Una curiosità: nella mappa del Risk del 1992 con cui ho giocato sono chiaramente segnate Sardegna, Corsica, Baleari, Creta e Cipro. In quella italiana queste non ci sono, segno che pure nei giochi da tavolo i continentali non hanno alcun riguardo nei confronti dei sardi! 😉

La versione britannica del 1992 invece è molto patriottica: la scatola rappresenta truppe britanniche e le Falkland sono rappresentate e ingrandite in maniera innaturale. Quando l’ho fatto presente al mio amico inglese ne è rimasto sorpreso, più che altro per il fatto che lui non se ne sarebbe mai accorto se non glielo avessi fatto notare io. Come dire che quando vivi nella tua bolla nazione pensi che il mondo giri intorno a te.

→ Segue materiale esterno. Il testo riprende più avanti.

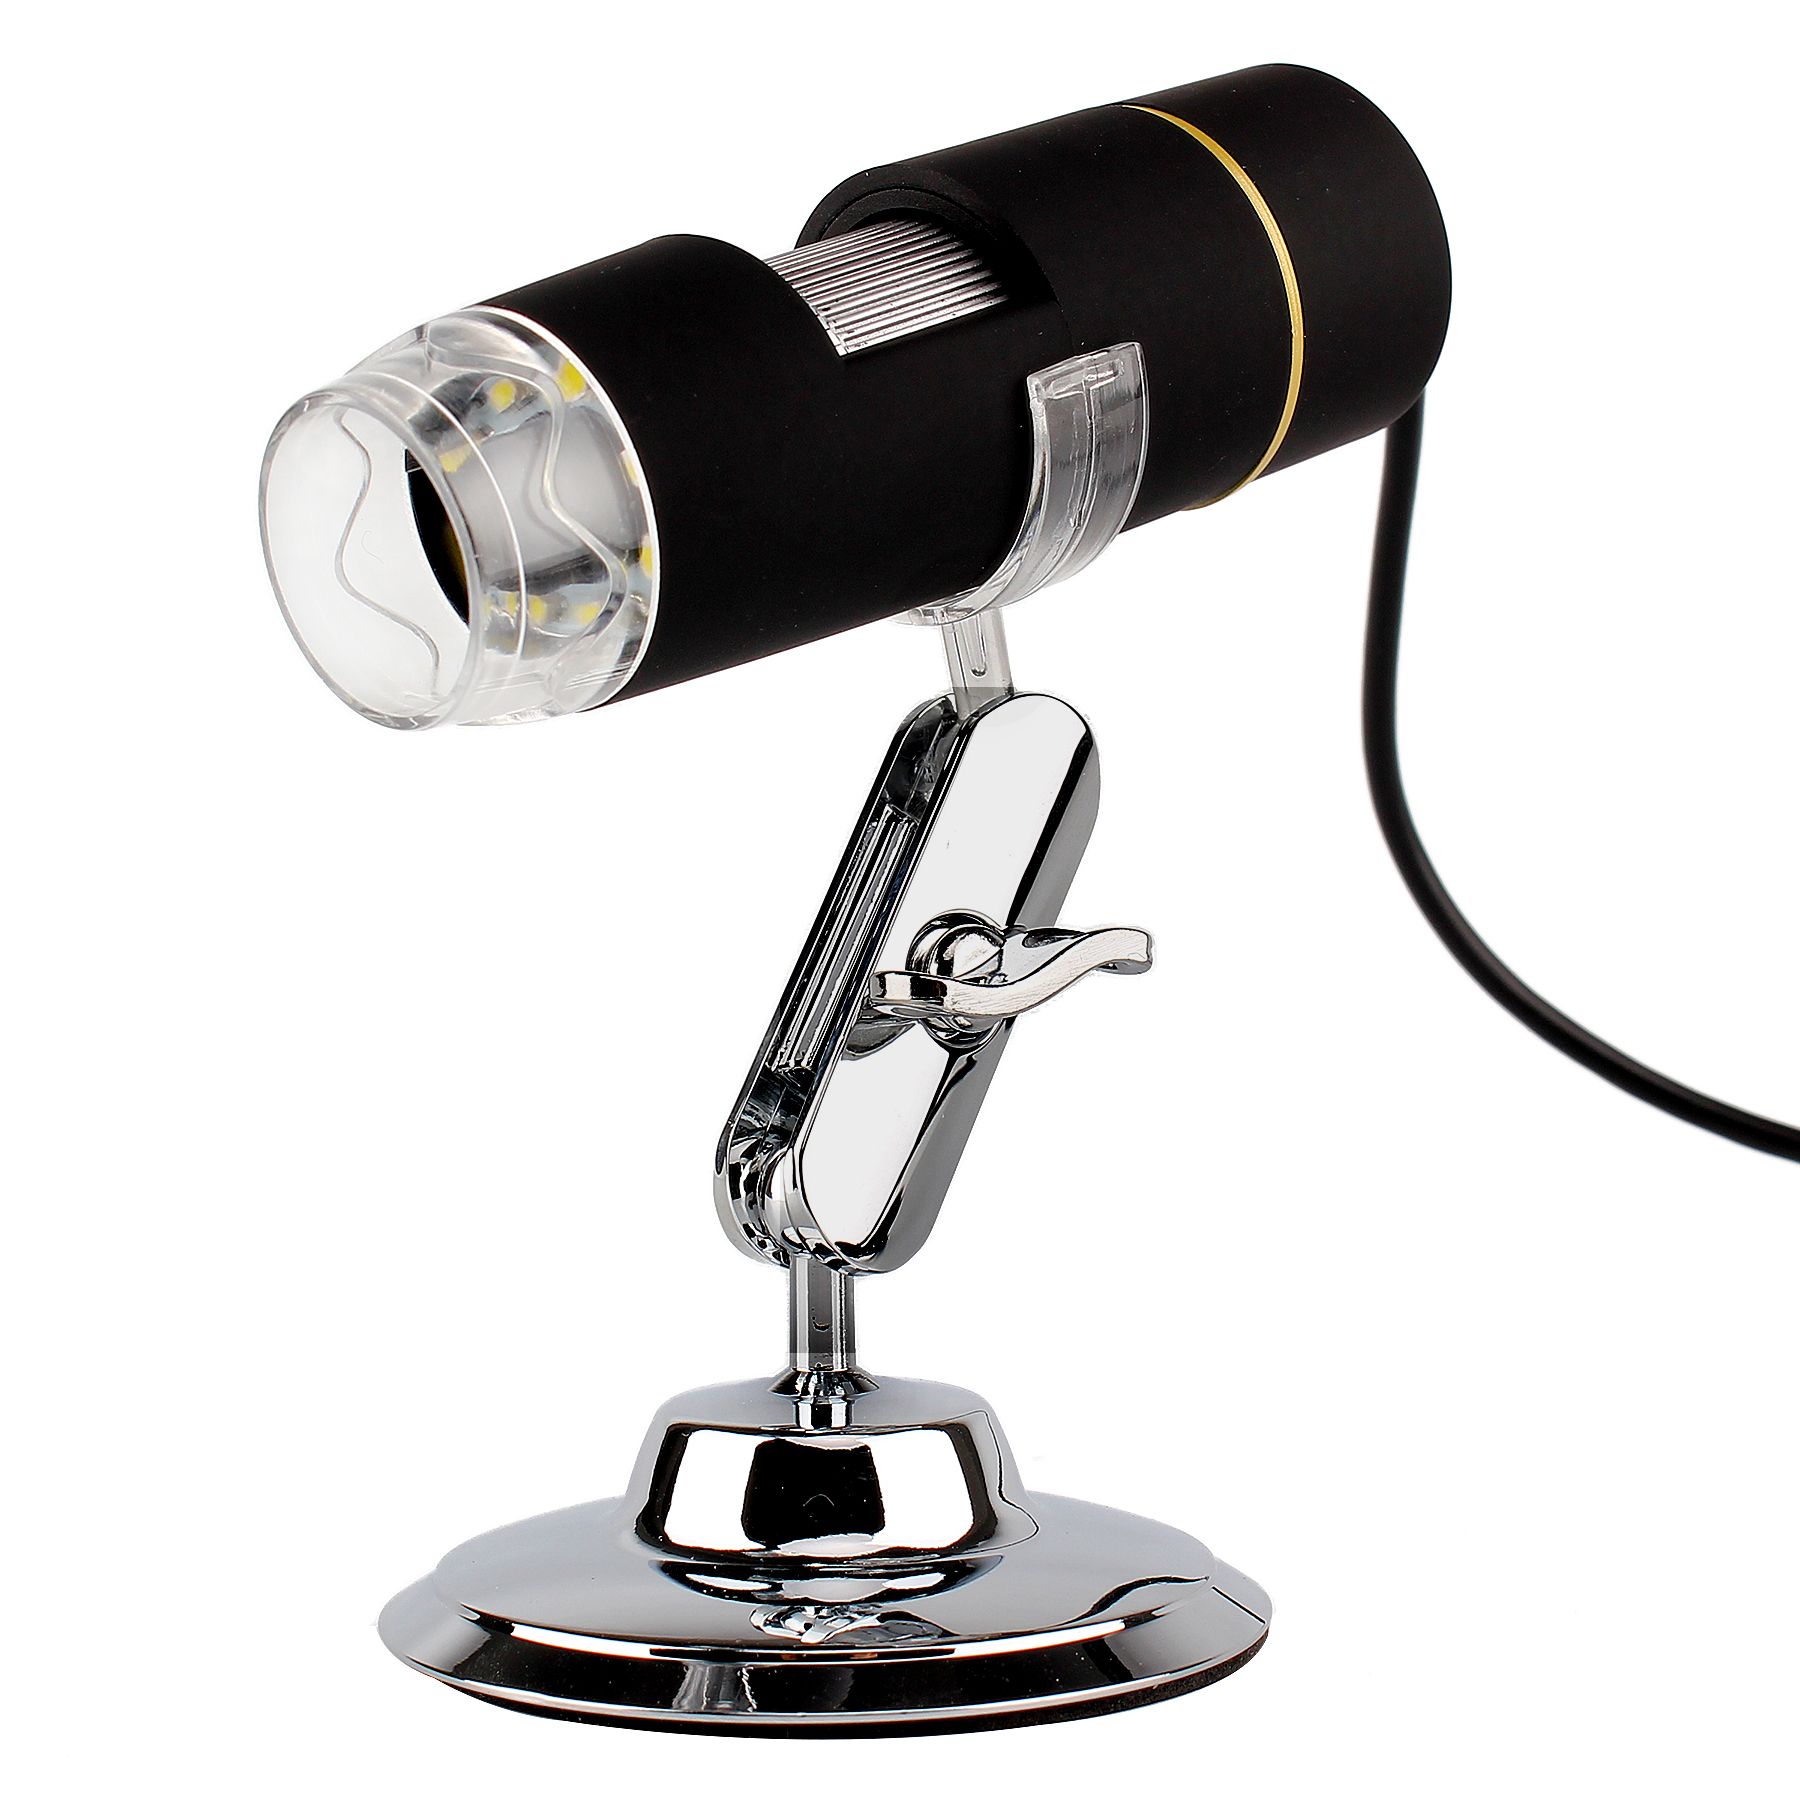 S2-USB-8-LED-1X-500X-Digital-Microscope-Endoscope-Magnifier-Video-Camera-Real-03MP13MP2MP-1043636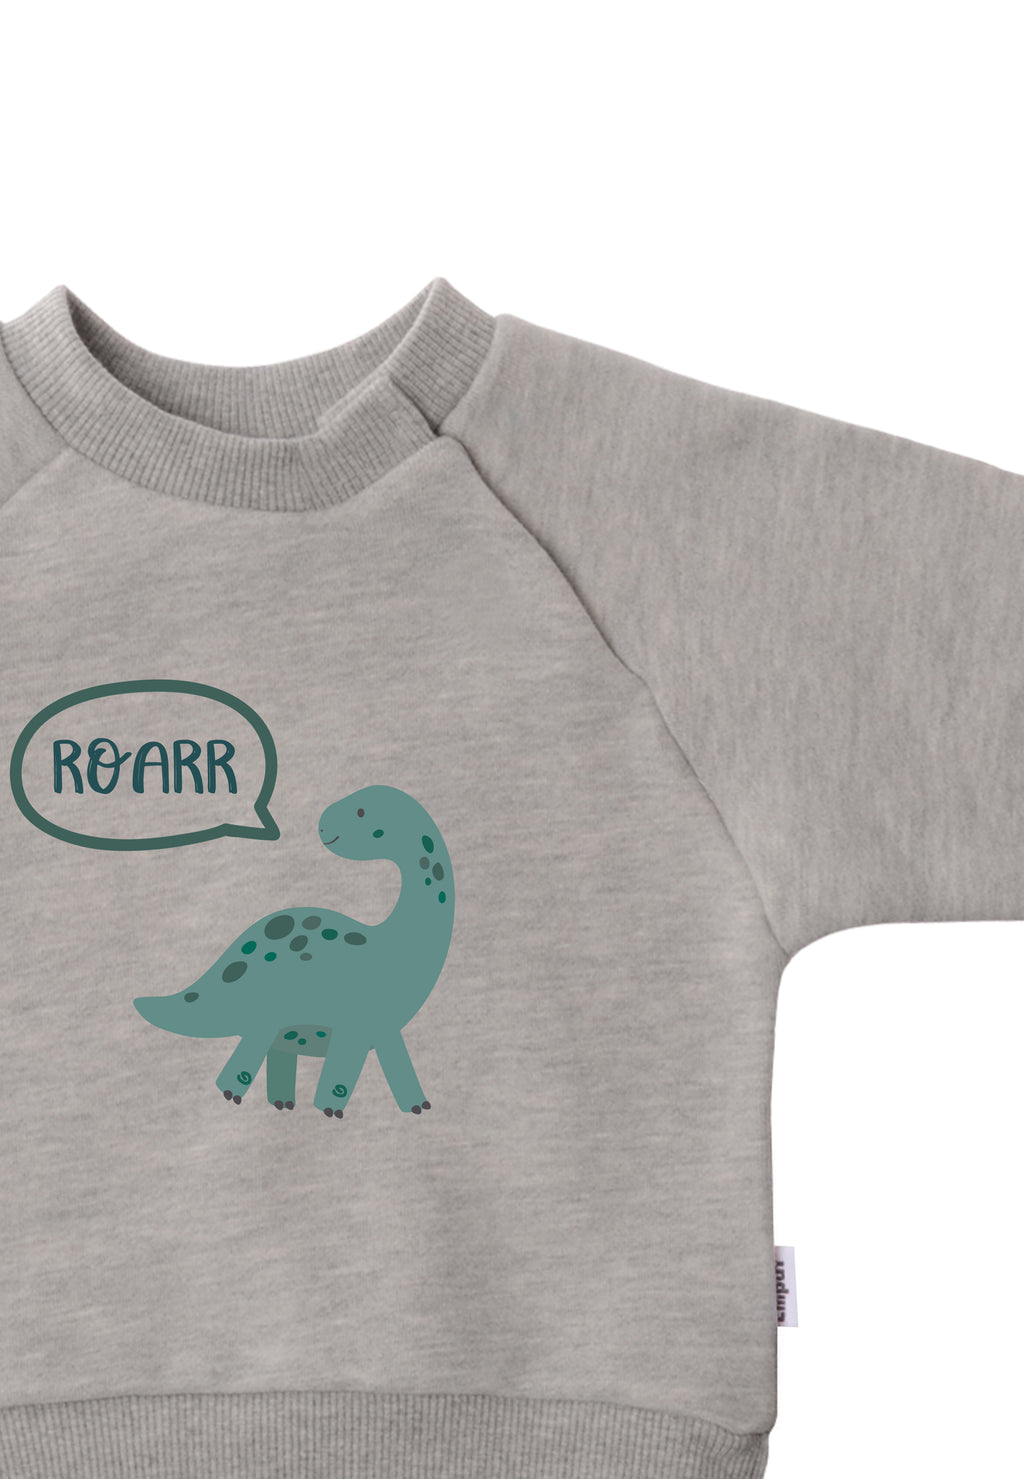 Graues Sweatshirt mit Dino Print

In conclusione per una volta la versione italiana è quella migliore e più equilibrata e che permette strategie a lungo termine complesse. La mappa italiana pero’ lascia a desiderare (soprattutto per la mancanza della Sardegna!) e infatti ho deciso di comprare la versione britannica e di usare la sua mappa con le regole italiane. Insomma, prendo il meglio delle due versioni.